Panama hats are made in Ecuador. French fries are made at McDonald’s. Custom officials have not yet seized Belgian waffles, Brussel sprouts or Italian dressing. If, like the French and Swiss, you are a stickler for honesty in origin, don’t call those fall baseball playoffs “the World Series.” It’s the U.S. Series because only U.S. teams compete. The World Series is actually the World Championship Series, which Japan recently won. Incidentally, if baseball is “America’s pastime,” why are its baseballs, made by Rawlings in Costa Rica and China?
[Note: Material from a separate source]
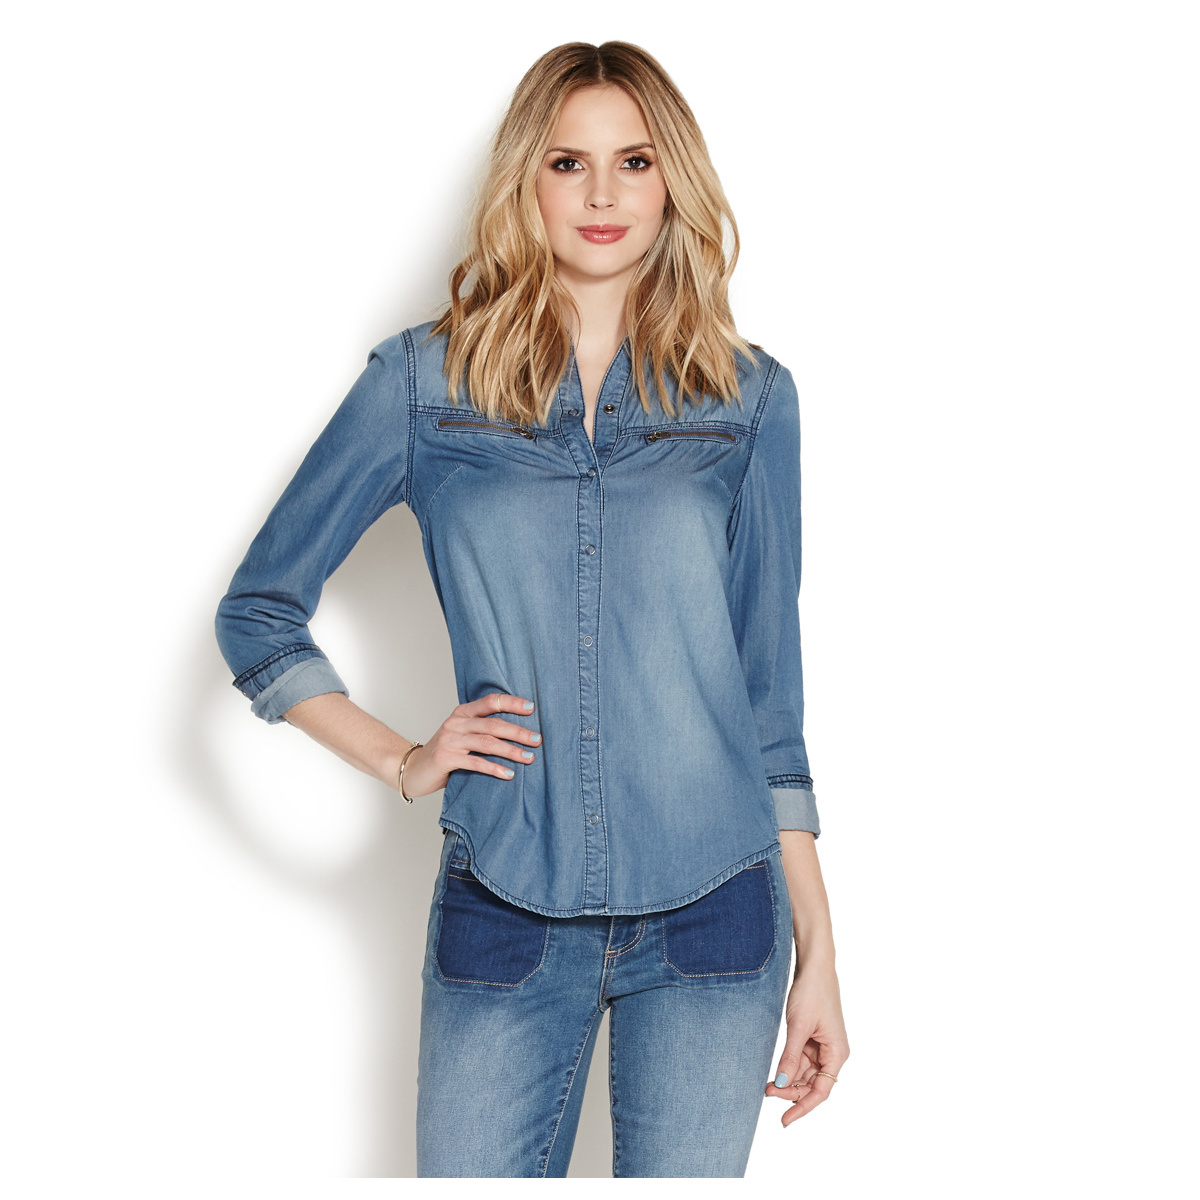 Casual Shirts Womens | Is Shirt

Speaking of honest names in sports, it is the Arlington Rangers and Cowboys, the New Jersey Giants and Jets. The SMU football team sports “Dallas” on its jerseys when actually the school is in University Park. In 2006, the NFL Seattle team, the Seahawks, came up with niffy title for their fans: “The 12th Man.” Apparently no one in Fog City had ever been to a football game at College Station and seen, across the stadium a huge sign: “Home of the 12th Man.” The Aggies, who had proudly used that slogan for more than a century and had trademarked it, sued. They got $140,000 for limited rights of a five-year deal. The Ags should have demanded a running back to be named later. The Indianapolis Colts started using the “12th Man” without the school’s permission. The lawsuit was settled with no money changing hands and the Colts stopped using it. One more: The City of Forth Worth hatched a cute logo for Cow Town, as it calls itself: the silhouette of the head and horns of a Texas Longhorn, rather like the logo UT has been using since forever. UT sued, but considering that Forth Worth is the home of the TCU Horn Frogs, that logo made no sense.
The next time you are in a restaurant and ask for butter, if it comes in those little foilwrapped cubes, look carefully at the wrapper. It might read “Buttery Favored” or “ButterLike Spread,” but not “Champagne.” Honest in labelling gets sticky when it comes to names, like Robert Allen Zimmerman (Bob Dylan), Reginald Dwight (Elton John) and even Marion Robert Morrison (John Wayne).
Oh, as for those 2,352 bottles of Miller High Life, Belgian customs said the destruction of the cans was carried out “with the utmost respect for environmental concerns by ensuring that the entire batch, both contents and container, was recycled in an environmentally responsible manner.” Translation: “We drank it.”